Although often portrayed as “primitive fishes”, modern sharks, skates, and rays are highly derived, specialized fishes that differ dramatically from the abundant, diverse elasmobranchs that dominated marine and even freshwater habitats through much of the Mesozoic. Many traits that characterize elasmobranchs – such as a cartilaginous skeleton, placoid scales, internal fertilization, replacement dentition, and multiple gill slits – appeared early in the 400+million year history of the group. However, modern sharks, skates, and rays exhibit tremendous variation in these and other characteristics, and have developed additional anatomical, life history, and behavioral adaptations that set them apart from bony fishes and make them surprisingly vulnerable to human exploitation. Only in recent years has the uniqueness and vulnerability of elasmobranchs received recognition and adequate attention.

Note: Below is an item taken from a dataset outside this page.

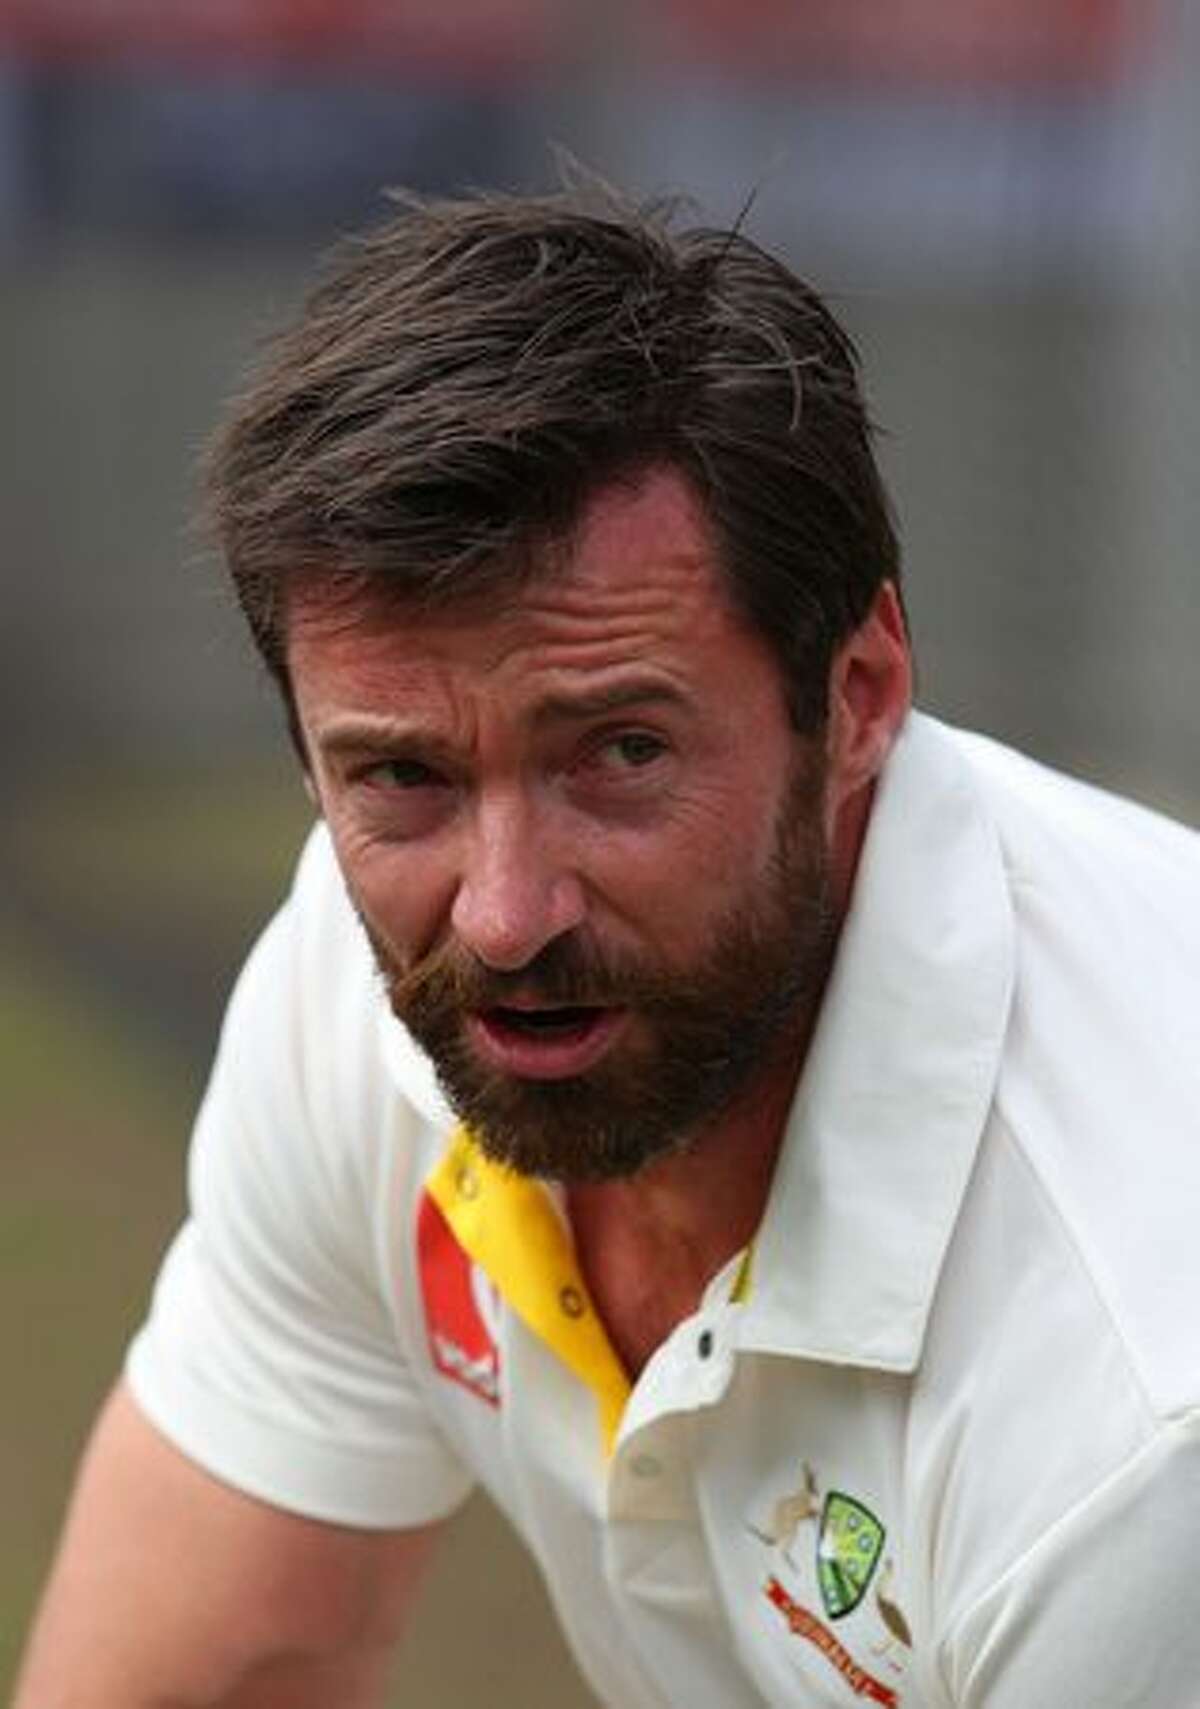 Actor Hugh Jackman looks on after playing cricket in the nets during day one of the Fourth Test match between Australia and England at Melbourne Cricket Ground in Melbourne, Australia.

Modern elasmobranchs are generally large (>1 m) predatory fishes with a calcified but seldom ossified skeleton, including distinctive calcified vertebral centra. They differ from bony fishes in that the skull lacks sutures and their teeth are not fused to the jaws but are instead embedded in the connective tissue of the jaws. Teeth, which have the same embryonic origin as and may be derived from placoid scales (see Modifications of scales), are replaced serially; such replacement is less common in osteichthyans. The biting edge of the upper jaw is formed by the palatoquadrate cartilage, rather than by the maxillary or premaxillary bones. The palatoquadrate is free from the braincase, creating a protrusible upper jaw during feeding. The mouth is subterminal (=ventral). Nasal openings are ventral and incompletely divided by a fl ap into incurrent and excurrent portions; bony fishes generally have completely separated, dorsally positioned nasal openings. Fin
rays in elasmobranchs are soft, horny, unsegmented ceratotrichia.
Typical sharks, skates, and rays usually have five, and sometimes six or seven, external gill slits on each side. The first gill slit of elasmobranchs is often modified as aspiracle, supported by the hyoid arch and first functional gill arch. Elasmobranchs lack lungs and gas bladders, but possess large, buoyant livers and spiral valve intestines. Internal fertilization is universal to the group; males possess pelvic fin-derived intromittent organs (myxopterygia or claspers) and females either lay eggs or nourish embryos internally for several months before giving birth. Chloride ions and metabolic waste products in the form of urea and trimethyl- amine oxide (TMAO, an ammonia derivative) are concentrated in the blood and serve in osmotic regulation. A single cloaca serves as an anal and urogenital opening.
Most orders of living chondrichthyans appeared by the Upper Jurassic, and all orders appeared by the end of theCretaceous. Some extant genera have been found in Upper Cretaceous deposits, with little change in some species since the Miocene (Compagno 1990a). Most extant groups have evolutionary histories much younger than actinopterygian and neopterygian fishes (see Advanced jawed fishes II: Chondrichthyes). All non-euselachian elasmobranchs are extinct: cladoselachians died out by the Permo- Triassic transition and xenacanths died out during the Triassic. Ancestral groups such as ctenacanths and hybodonts disappeared during the Mesozoic.
Although some living sharks have morphologies similar to ancestral Paleozoic and Mesozoic species, these similarities reflect convergent design. The modern groups are very different with respect to features of the cranium, vertebral column, fin skeletons, tooth structure, and squamation. The greatest departure from a generalized body form exists in the highly successful batoids, the most advanced of which are the large-brained, filter-feeding manta and devil rays (Mobulinae). Among the sharklike elasmobranchs, the most derived species include the hammerhead sharks (Sphyrnidae), angel sharks (Squatinidae), and saw sharks (Pristiophoridae) (Compagno 2001; Compagno et al. 2005a, 2005b). Shark systematics is an active field and relationships among most groups are well established, although some groups remain unresolved and await further study (de Carvalho 1996; McEachran et al. 1996) (Fig. 12.1).